On Thursday night, December 1, Mayor Tom Potter got another dose of community opposition to Portland's controversial Drug-Free and Prostitution-Free Zones (DFZ). Dozens of citizens jammed into city council chambers for an emotionally charged two-hour public hearing on the zones, which allow cops to give suspected drug dealers or prostitutes a "notice of exclusion," barring them from sections of downtown or North Portland. The zone ordinance is up for renewal by the city council.

Instead of rubber-stamping the zones, Potter suggested the council take a closer look at them. The mayor has also proposed tying exclusions to actual criminal charges, rather than basing exclusion simply on the suspicion of a crime. "We want to make sure we protect the public, as well as individual rights," Mayor Potter told the crowd assembled at City Hall.

Currently, according to the ACLU's Andrea Meyer, 30 percent of people who receive an exclusion are never charged with a crime, or their charges are dropped. And that's just one of the problems with the zones, Meyer said, sitting next to the mayor and Police Chief Derrick Foxworth at the hearing. The civil liberties organization opposes renewing the zones, she explained, because the exclusions lack constitutional protections like the presumption of innocence, the right to due process, and the right to counsel.

"Instead of these ordinances, we can use the judicial process," Meyer said. Judges, she said, could issue an exclusion when sentencing someone for a crime, or releasing a person from jail.

Then it was the citizens' turn. Two meeting moderators had to ditch the night's official agenda—they'd hoped to usher people into small groups for discussion—because so many people wanted to speak out about the zones.

With the exception of downtown business representatives, including those from the Portland Business Alliance (PBA)—and an elderly couple who'd had a bad run-in with a pimp in the Hollywood District—the town hall-style hearing was practically a rerun of a November forum in North Portland, with residents lambasting the ordinance for being unfair, potentially racist, and for simply shifting drug and prostitution problems to other neighborhoods.

"This does nothing to get drug dealers out of the city," said Brad Taylor, who lives on the border of North Portland's DFZ.
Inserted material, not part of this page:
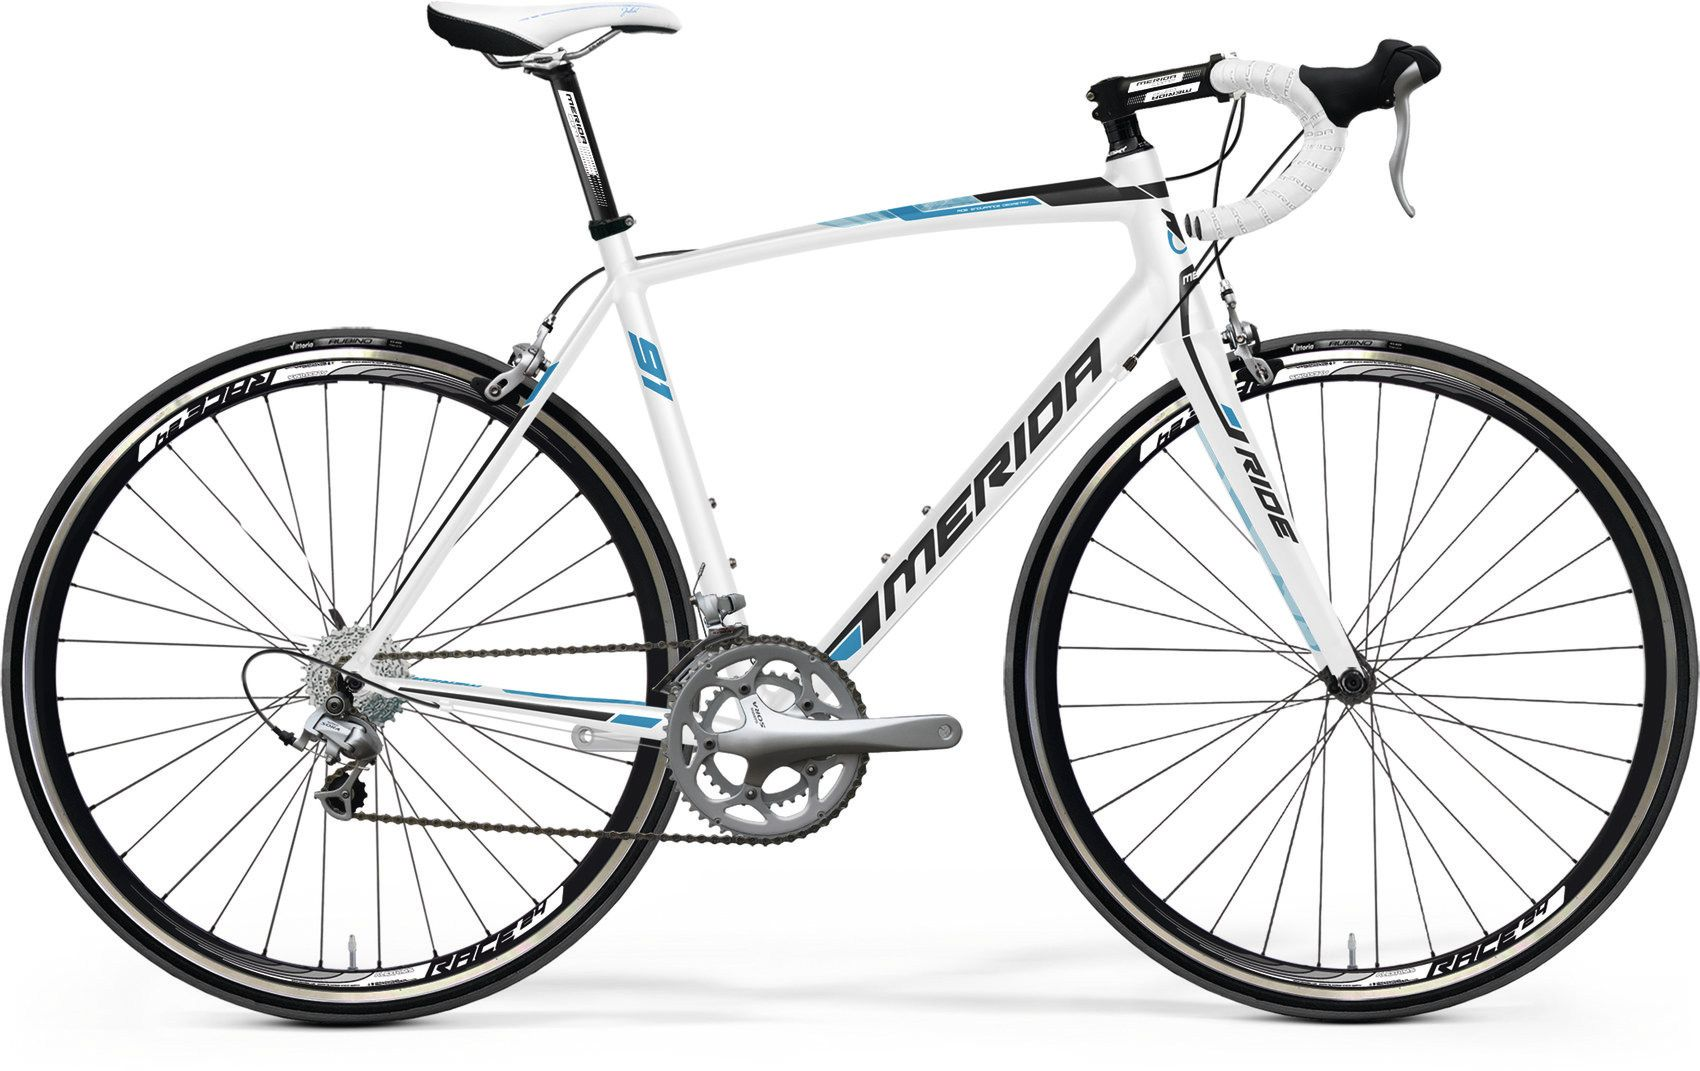 Ride Lite Juliet 91 - Merida Bikes | bike | Merida bikes

Sister Cathie Boerboom, director of Rose Haven, a homeless women's drop-in center in Old Town, talked about clients who've gotten exclusions while trying to access services or buy groceries.

"They don't deserve them," she said. "It gives officers a heck of a lot of power."

Other residents—including two who had received exclusions themselves—urged Potter to modify or ditch the ordinance.

"We need to get beyond the argument that this tool works," said a young man who lives near NW Broadway and Everett. "To argue that something works doesn't mean it's the right thing to do."

The meeting's moderators asked for a show of hands of those in favor of keeping the ordinances "with changes," like the mayor's proposal to tie exclusions to criminal charges. Half of the hearing's attendees were on board (though one PBA suit in the back row thrust his hand in the air and muttered, "How about WITHOUT changes?" to his colleague). The rest didn't support the zones at all.

There's one more public hearing—near NE 82nd, where the city is considering adding another zone—on December 15. The council is expected to take up the issue in February.